4 min read

When the Nations Asked Where Israel's Beloved Went

Shir HaShirim Rabbah turns divine absence, Moses, Aaron, Abraham, Joseph, and Israel's answer to the nations into one love story.

Written by Maggid · Edited by Arthur Sabintsev ·
Table of Contents
  1. The Search Began in the Dark
  2. Moses Became the Missing Beloved
  3. Moses and Aaron Fed the People
  4. How Did Israel Answer the Nations?
  5. Abraham and Joseph Were Already Witnesses

Most people think the hardest question in exile is whether Israel still loves God. Shir HaShirim Rabbah asks something sharper: when the nations look at Israel and ask where her beloved went, what answer is left?

In Midrash Rabbah, with 3,279 texts in the database and 261 from Shir HaShirim Rabbah, the rabbis read Song of Songs as public testimony. Sefaria dates this allegorical midrash to c. 790-c. 990 CE in Talmudic Israel/Babylon. These seven passages turn one love poem into a chain of evidence: night search, Exodus, Moses, Aaron, Abraham, Joseph, and a nation cross-examined by history.

The Search Began in the Dark

The Song begins with a woman searching for the one her soul loves at night. Shir HaShirim Rabbah refuses to make that night soft. The bed can mean illness. It can mean weakness. It can mean a people lying low, unable to rise, looking for God and finding only silence (Song of Songs 3:1).

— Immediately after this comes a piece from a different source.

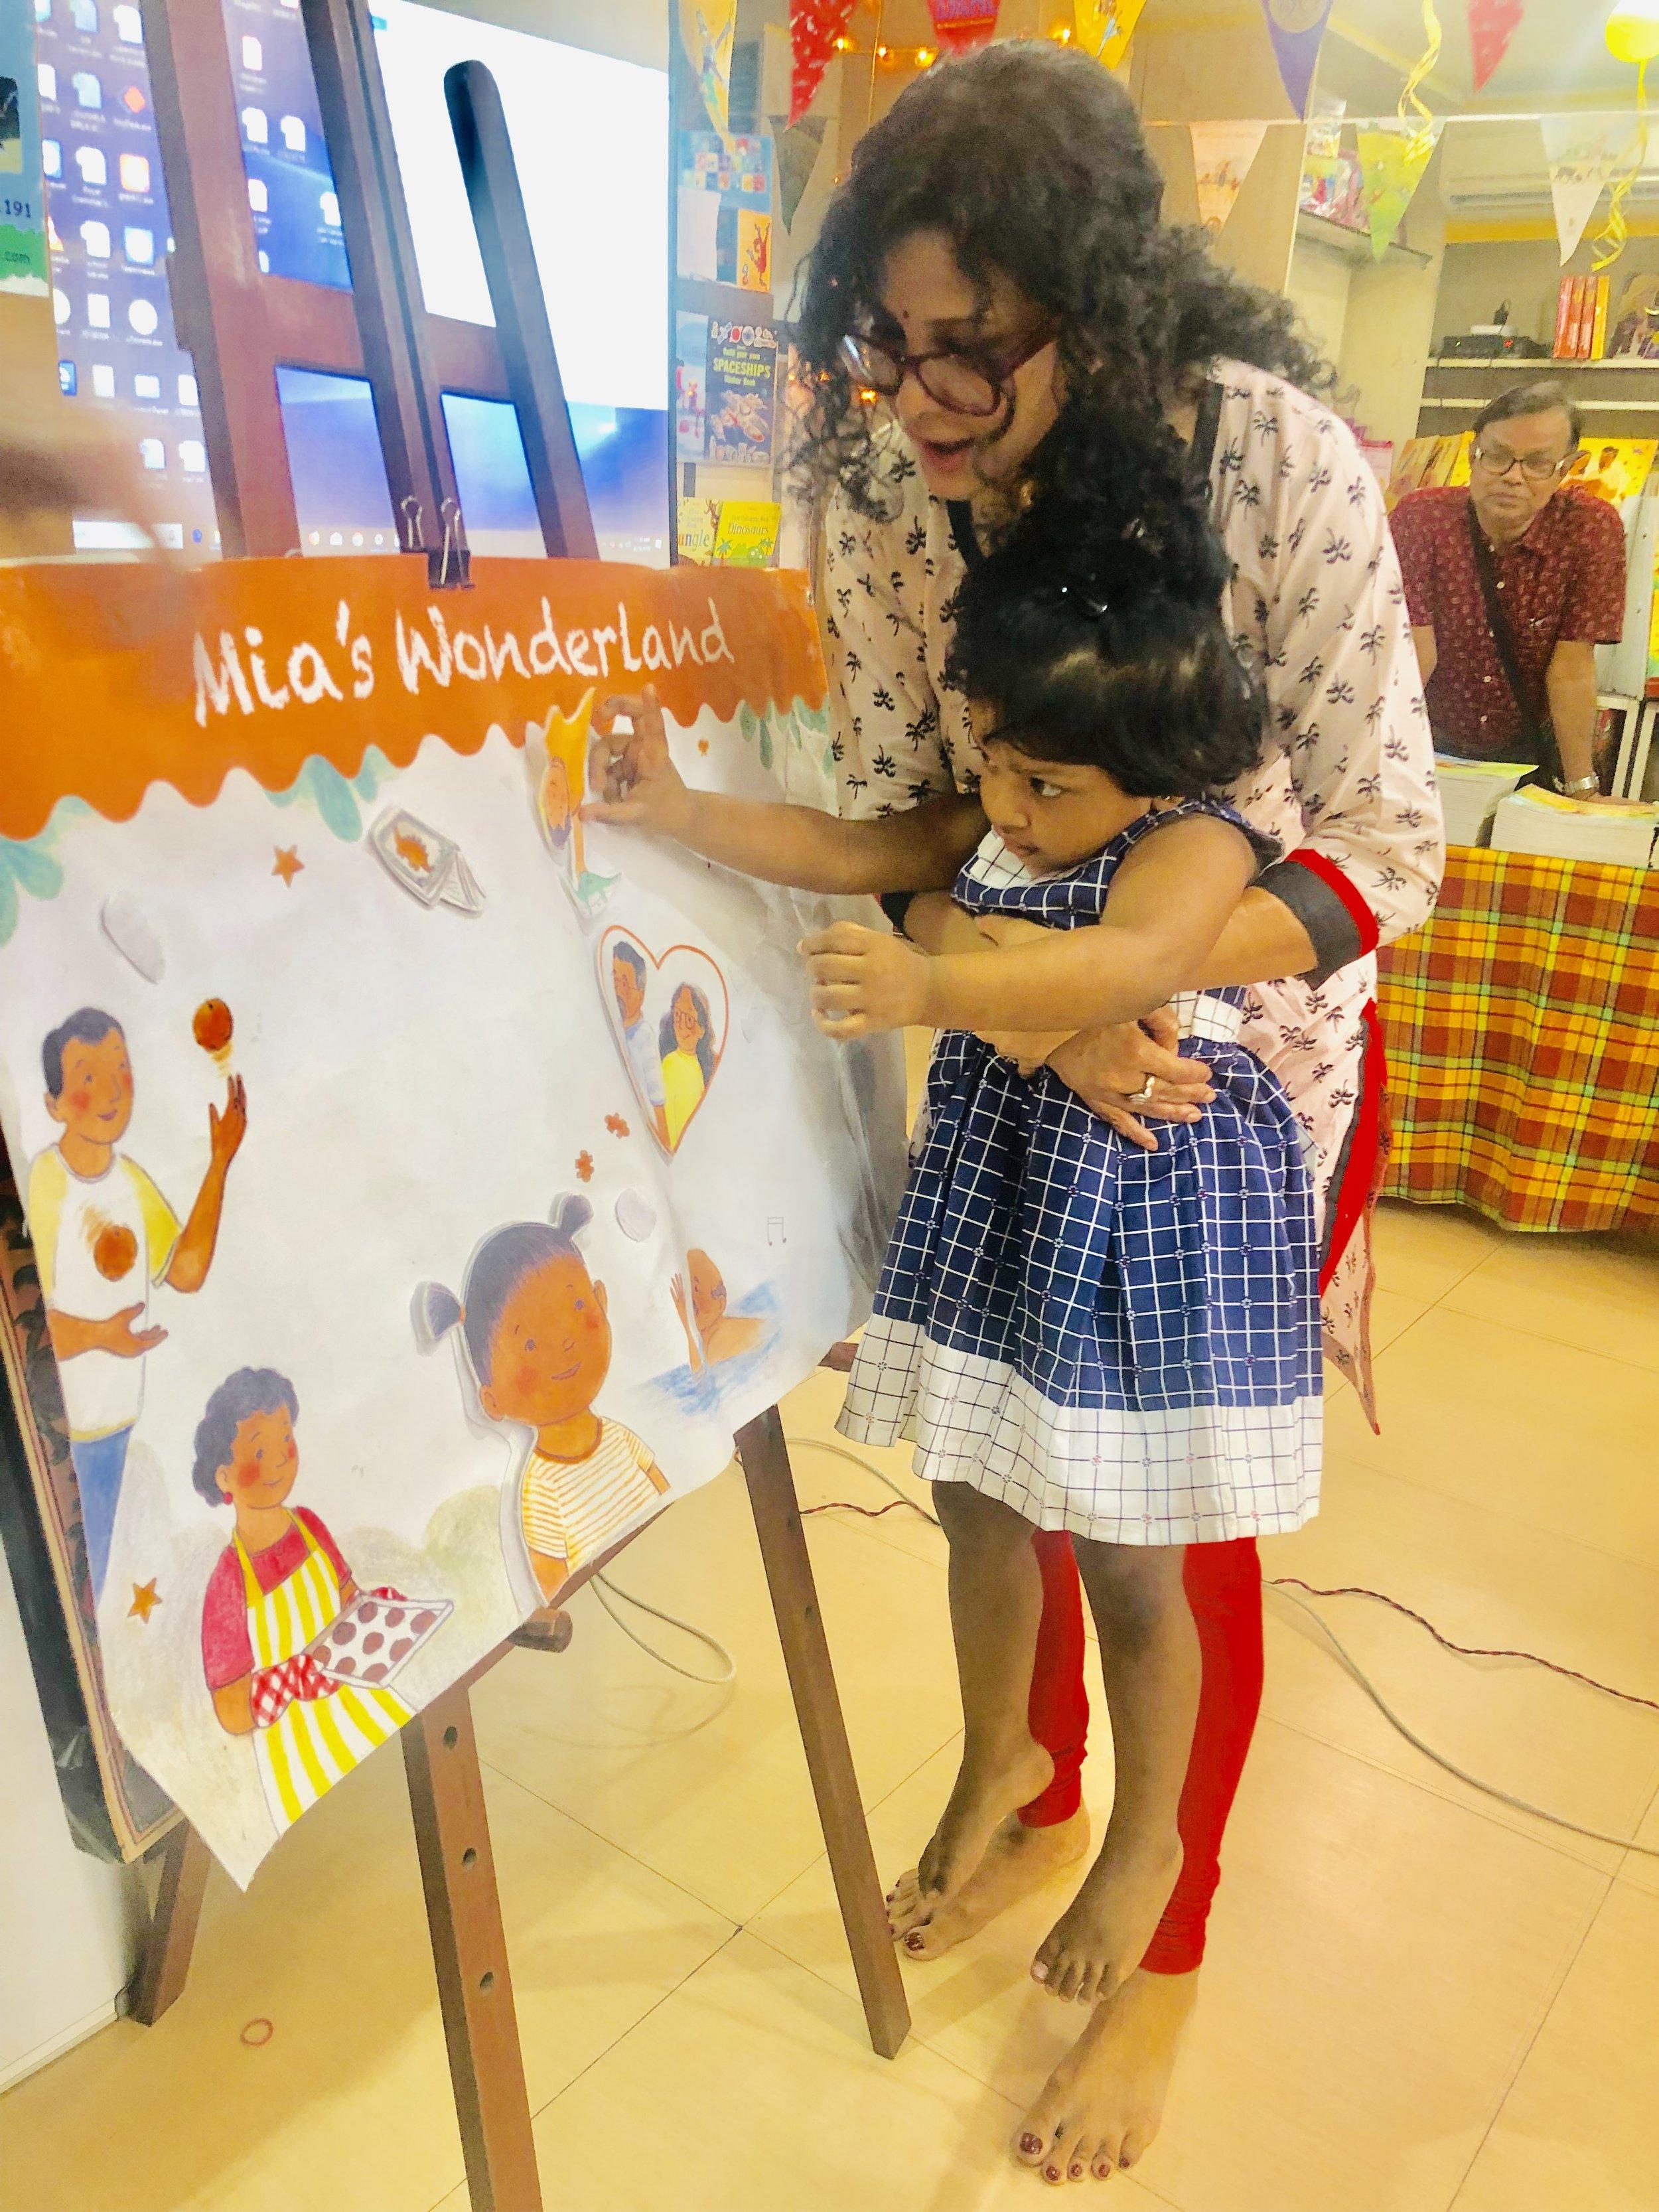 Oxford Subscription Book Club Interactive Storytelling Session, The Story Teller Bookshop, Kolkata, India  April 20, 2019

That is the courage of the Midrash. It lets Israel say that absence is real. The beloved is not always visible. There are nights when prayer feels like reaching across an empty bed. The rabbis do not scold the seeker for admitting it. They make the admission sacred, because covenantal love includes the terror of not finding the One you are seeking.

The search also changes the reader's posture. Israel is not proving faith by pretending God is easy to locate. Israel proves faith by getting up in the dark and searching again. The love story begins with movement before certainty, with a body leaving the bed before the beloved has answered.

Moses Became the Missing Beloved

One reading turns the night search toward the Exodus and makes Moses the beloved Israel cannot find. The people are waiting in Egypt, the hour is charged, redemption is near, and the redeemer seems absent.

That absence matters because Moses is not only a leader. He is the sign that God has remembered the covenant. If Moses cannot be found, then the whole promise trembles. Shir HaShirim Rabbah makes the Exodus feel less like a clean miracle and more like a night of panic. The people have been told freedom is coming, but the door is still closed, the slave houses still stand, and the messenger has not yet appeared where they need him.

Moses and Aaron Fed the People

When the Song praises the beloved's two breasts, the Midrash names them Moses and Aaron. The image is intimate, but the meaning is national. Just as a mother feeds a child, Moses and Aaron nourished Israel in the wilderness.

This is one of Shir HaShirim Rabbah's boldest moves. It turns bodily beauty into leadership. Moses gives Torah, Aaron gives priestly service, and together they keep a frightened people alive. The Exodus generation did not survive on escape alone. It needed instruction, worship, intercession, and tenderness. The rabbis let the Song say that true leadership is not merely command. It is nourishment.

How Did Israel Answer the Nations?

The nations ask Israel, where did your beloved go? The question stings because it is not theoretical. If God once split seas, crushed Egypt, fed Israel, and spoke at Sinai, why does exile still happen? Where is the beloved now (Song of Songs 6:1)?

Israel answers by describing a beloved who is clear and ruddy, mercy and judgment together. Clear to Israel in compassion. Ruddy to Egypt in judgment. The answer is not that history is painless. It is that Israel has seen enough to know the hidden beloved is not imaginary. The same God who judges also protects. The same God who hides also returns.

Abraham and Joseph Were Already Witnesses

The Midrash hears one faultless dove and thinks of Abraham, the one who stood alone at the dawn of Israel's story. Abraham becomes evidence that Israel's love story did not begin in Egypt. It began with one man who crossed the world toward God.

Then Joseph enters the Song's family language. When the verse longs for a brother who could be kissed outside without shame, the rabbis test the brothers of Genesis until Joseph and Benjamin emerge. Cain and Abel cannot carry the image. Esau and Jacob cannot carry it cleanly. Joseph and Benjamin can, because their bond holds grief, loss, recognition, and return.

That is how Israel answers when the nations ask where the beloved went. She points to the night search, to Moses, to Aaron, to Abraham standing alone, to Joseph and Benjamin finding each other after years of pain. The beloved is not absent because the question is cruel. He is hidden in the witnesses that keep answering, in the old names Israel still carries, and in the courage to keep asking for Him by name.